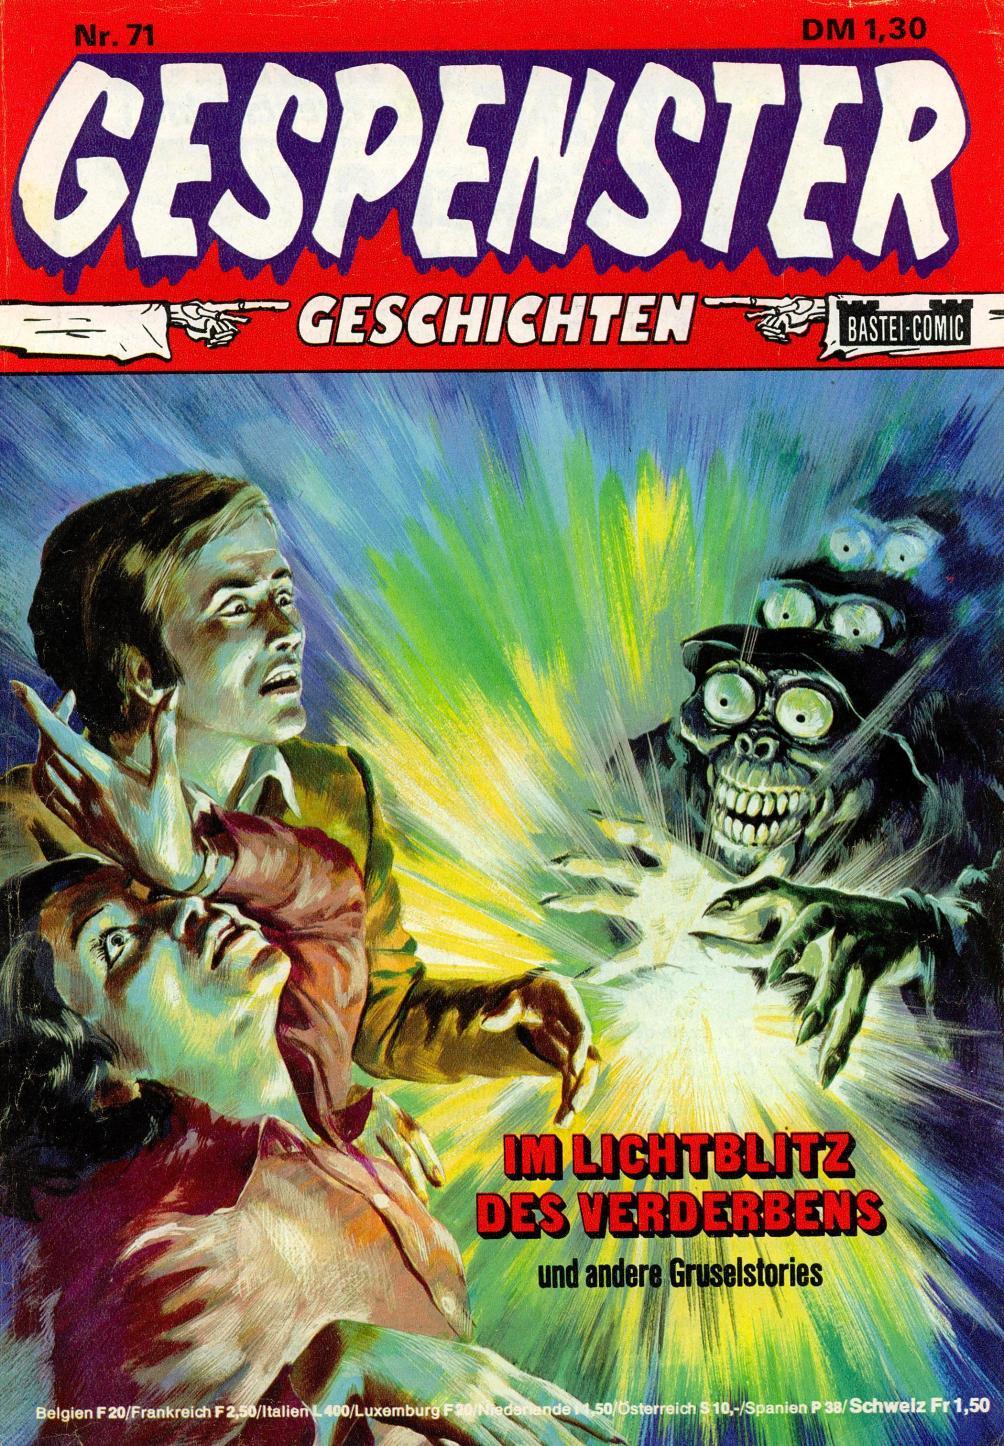 Gespenster Geschichten - 71
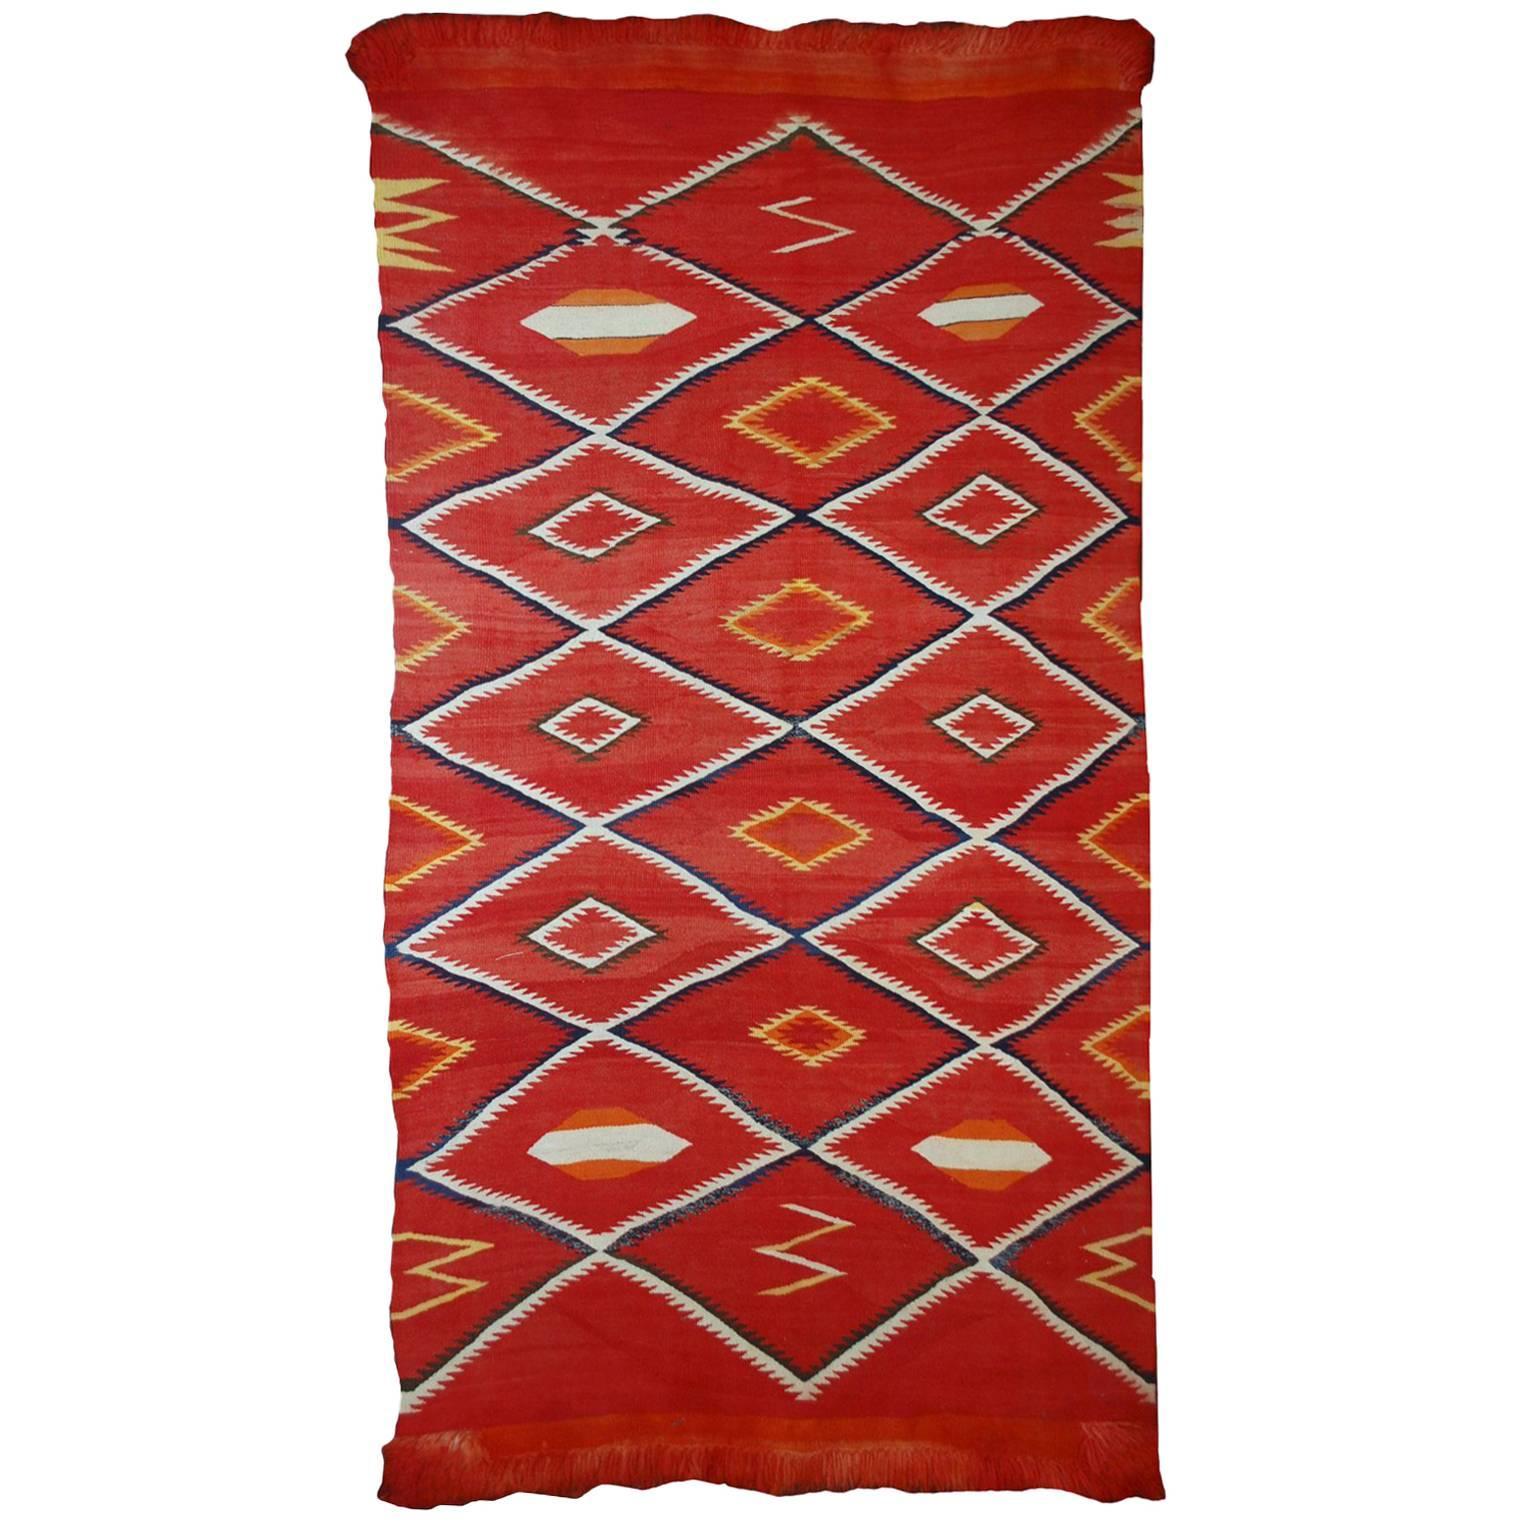 Handmade Antique Collectible Native American Navajo Blanket, 1870s, 1B557
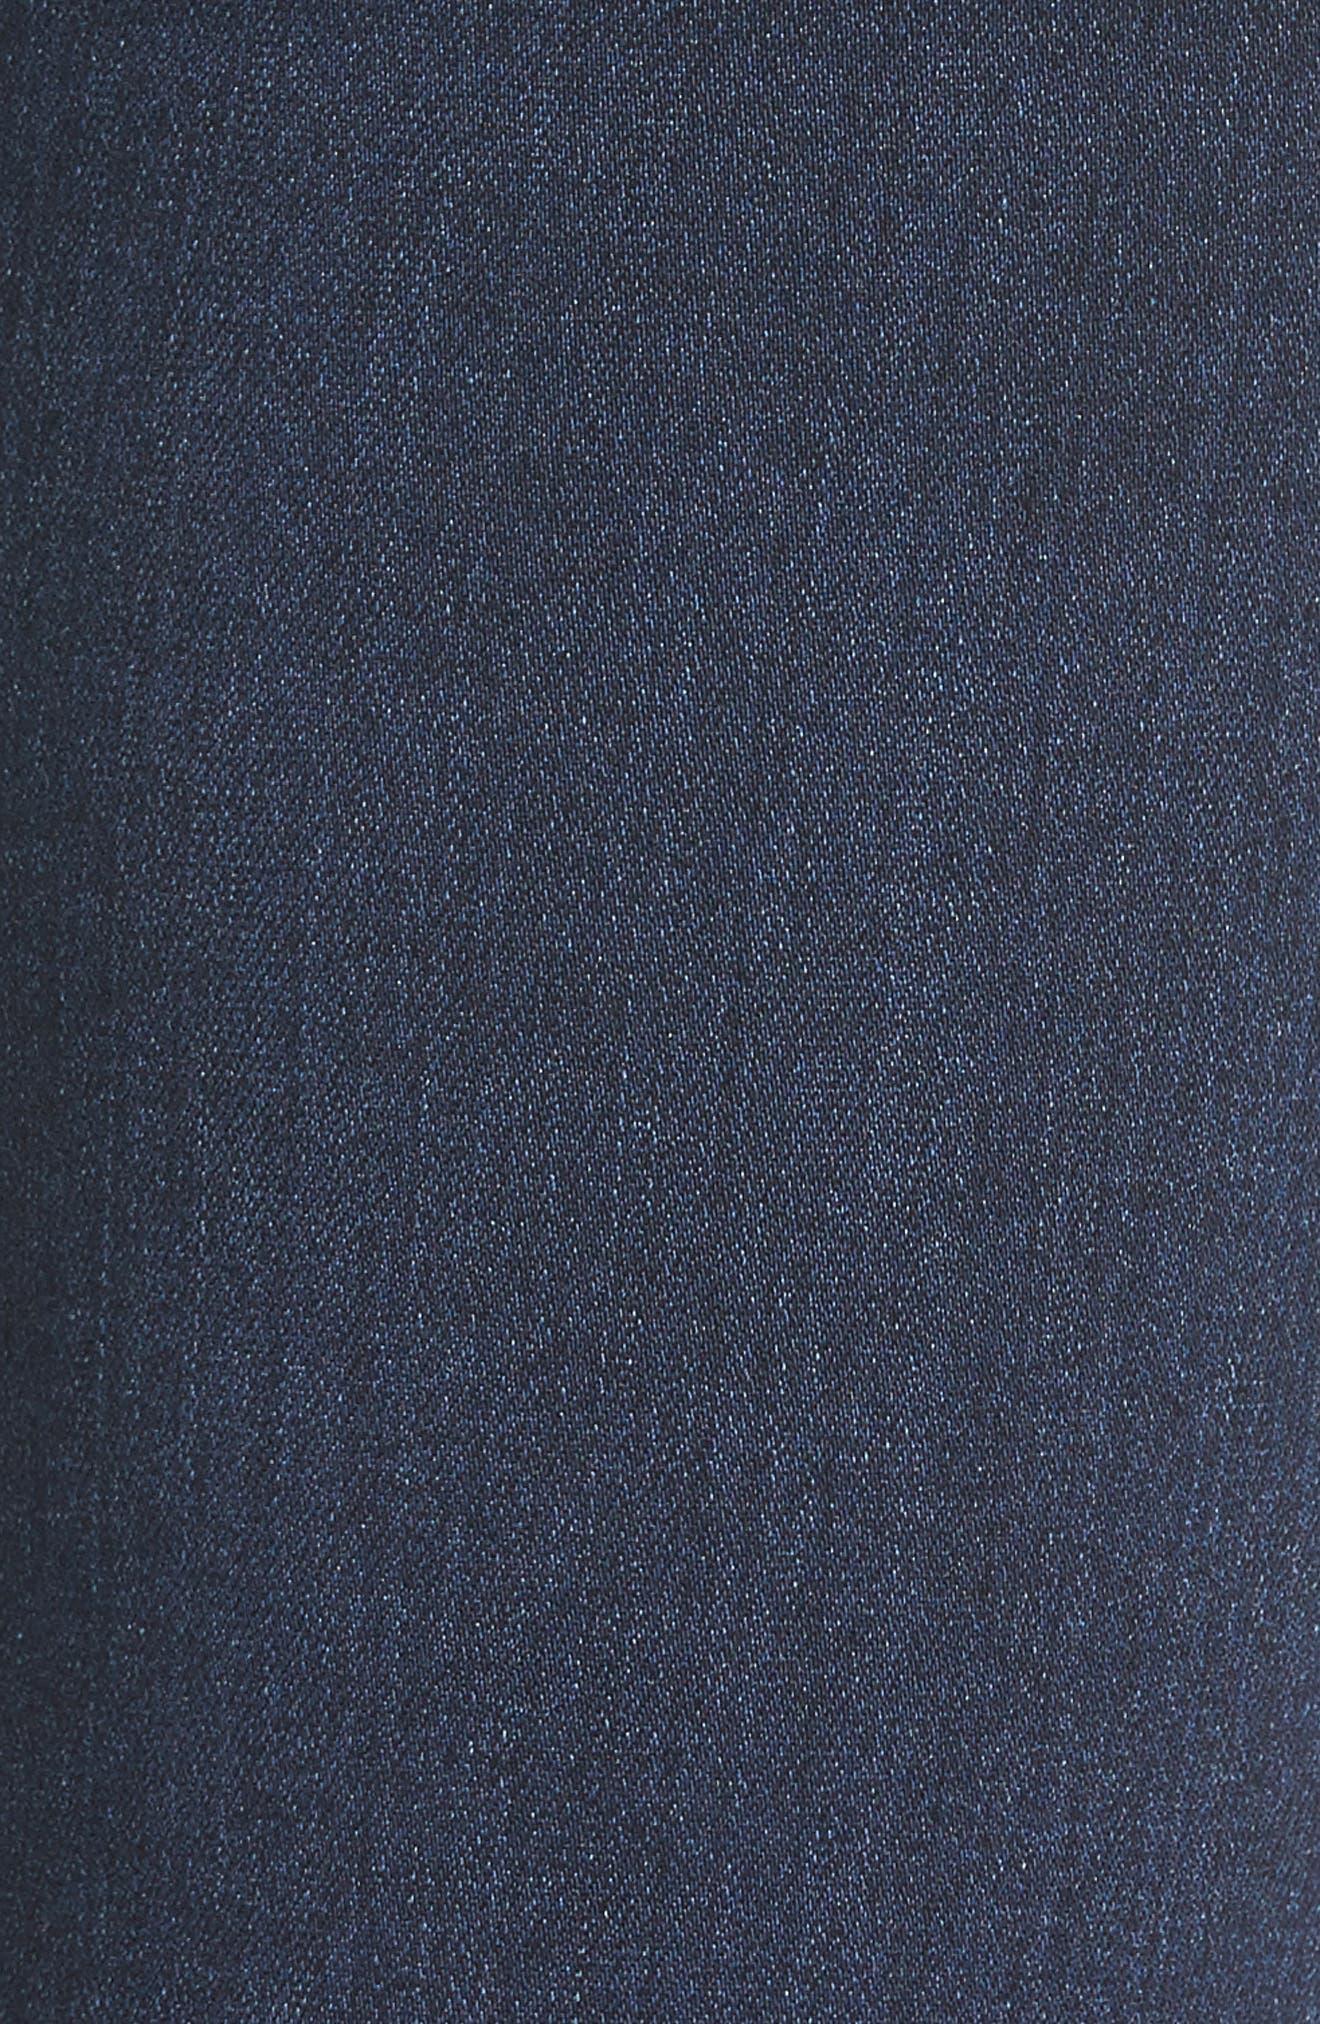 Transcend Skyline Skinny Jeans,                             Alternate thumbnail 3, color,                             400

- **TASK INSTRUCTIONS**
What this calls for is the material above set down exactly, pictures excluded.

- **ANSWER BELOW**
 Gespenster Geschichten - 71
 Handmade Antique Collectible Native American Navajo Blanket, 1870s, 1B557
 Transcend Skyline Skinny Jeans,                             Alternate thumbnail 3, color,                             400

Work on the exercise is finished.